Security breaches exposing consumers’ personal information are becoming larger and increasingly frequent in New York, costing businesses more than $1.37 billion last year, the state attorney general’s office said.
Data breaches in the state more than tripled from 2006 to 2013, resulting in the exposure of 22.8 million personal records, according to a report released today by New York Attorney General Eric Schneiderman. Almost 5,000 breaches were reported to the office by businesses, nonprofits and government entities during that time, with hacking attacks causing the worst damage.
“Our expansive look at data breaches found that millions of New Yorkers have been exposed without their knowledge or consent,” Schneiderman said in a statement. The office will take a “collaborative approach to address the complex problems surrounding data security,” he said.
Target Corp., the Minneapolis-based retailer, was the victim of a breach last year that allowed hackers to gain access to payment data for 40 million of its customers’ debit and credit cards. LivingSocial Inc., the daily coupon website based in Washington, said last year that more than 50 million customers may have been affected by a cyber-attack.
The cost to businesses in New York was based on research estimating the price of each personal record compromised at $188, according to the attorney general’s report.
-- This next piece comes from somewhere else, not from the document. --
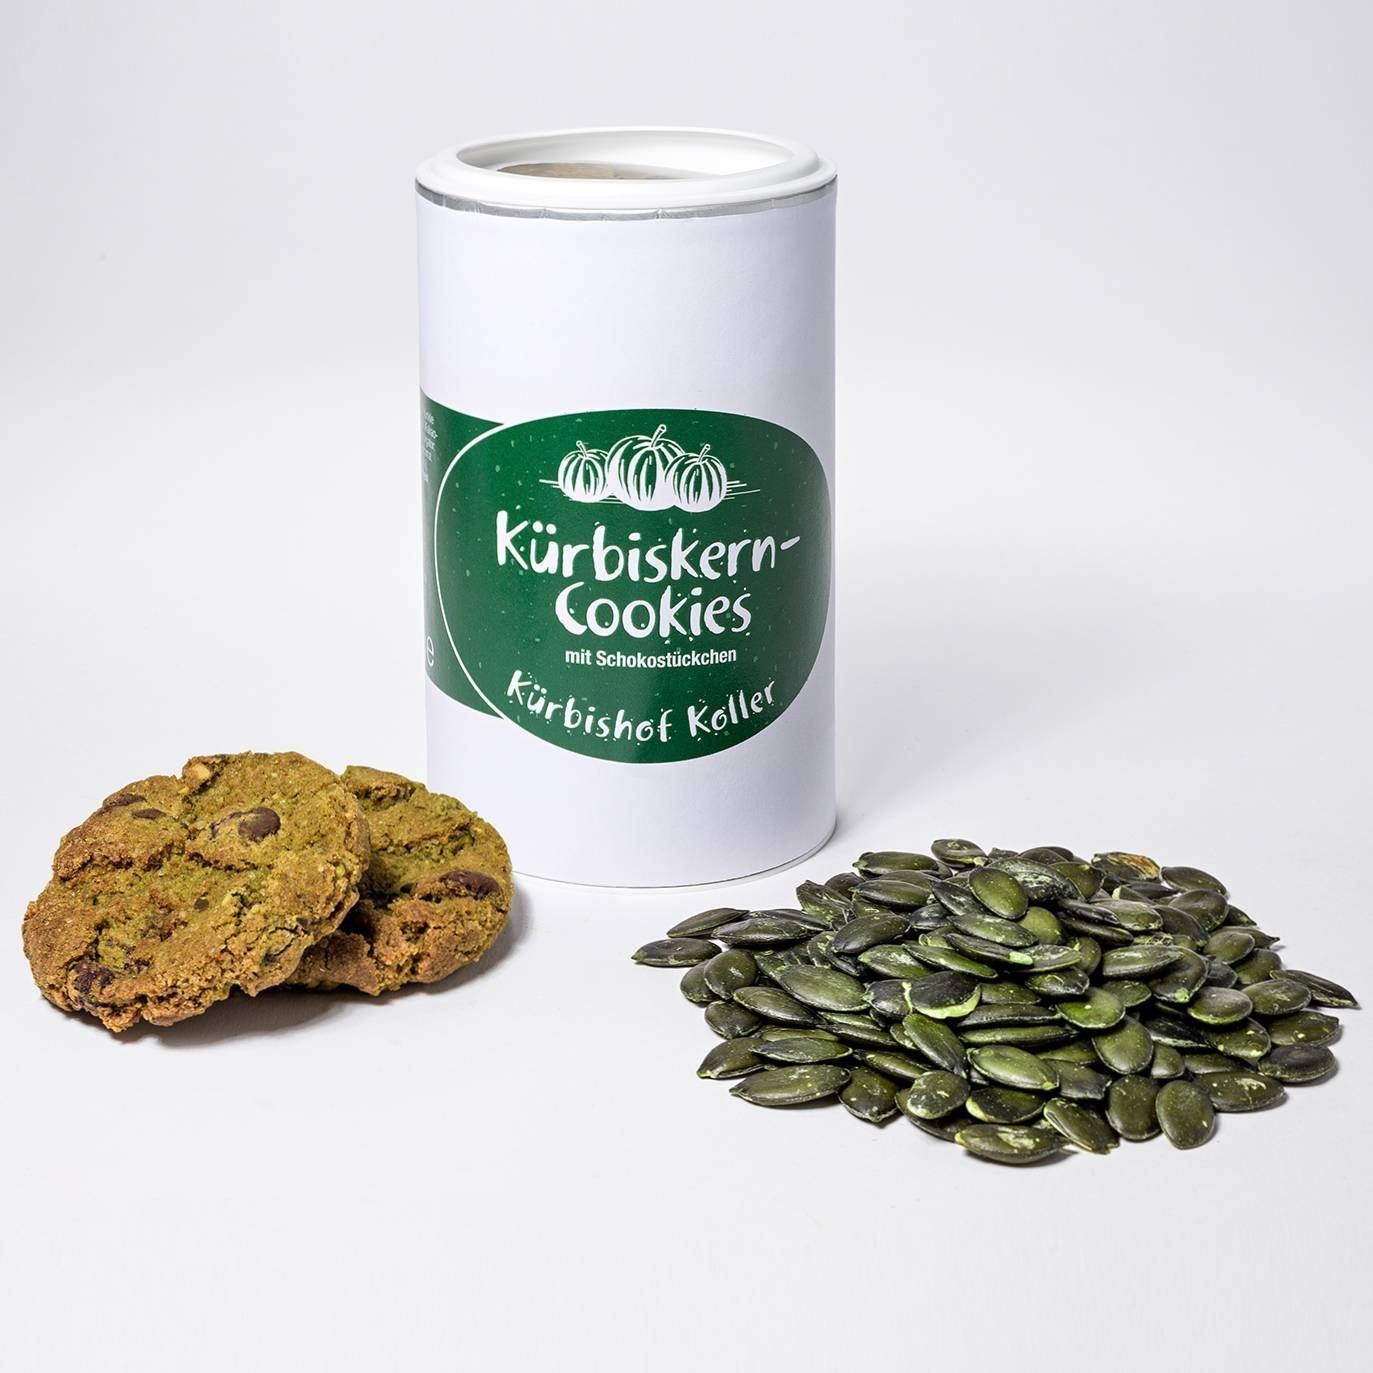 Pumpkin Seed Cookies with Chocolate Chips in Switzerland

“Mega breaches” such as the Target attack are becoming increasingly common and are generally caused by hackers, Schneiderman’s office said. Hacking accounted for more than 40 percent of security breaches, according to the office. Data can also be compromised by accidental exposure and theft by employees within a company.
The U.S. has also accused China of stealing information from American companies that would be useful to competitors, indicting five Chinese military hackers in May. China has denied wrongdoing and suspended participation in a cybersecurity working group with the U.S. in response.
Schneiderman said that “engaging industry stakeholders and security experts, as well as lawmakers” could help provide tools for better protecting data.
Breaches at Target and other retailers helped renew a call this year for a federal law requiring notification of consumers when personal data is compromised. Legislative proposals have failed to advance as lawmakers struggle to “decide what they want to achieve” with the measure, said Mallory Duncan, general counsel for the National Retail Federation.
“Sometimes they’re trying to lock up information that’s not sensitive,” Duncan said. “Some bills out there talk about sensitive financial information, but also throw in things like your name, your address and your shoe size.”
Lawmakers are still weighing issues such as how tightly drawn the notification requirements should be, whether new payment technologies should be mandated, whether private lawsuits should be allowed under the law, and whether it should pre-empt existing state laws, said Jay Johnson, a lawyer at Jones Day who specializes in data security.
Protection of data and requirements for notifying people affected by a breach are now governed by a “patchwork of industry-specific federal laws and generally applicable state laws,” Johnson said.
Most states have laws requiring businesses to notify individuals whose data is compromised, although the obligations vary, Johnson said.
Schneiderman’s office has been collecting information about breaches since December 2005, after New York’s law governing notification went into effect.
Ted Kobus, a privacy and data security lawyer at BakerHostetler, said some policy makers are “trying to head in a direction where we have some sort of standard” for data protection.
“The problem is that standards change every day,” he said.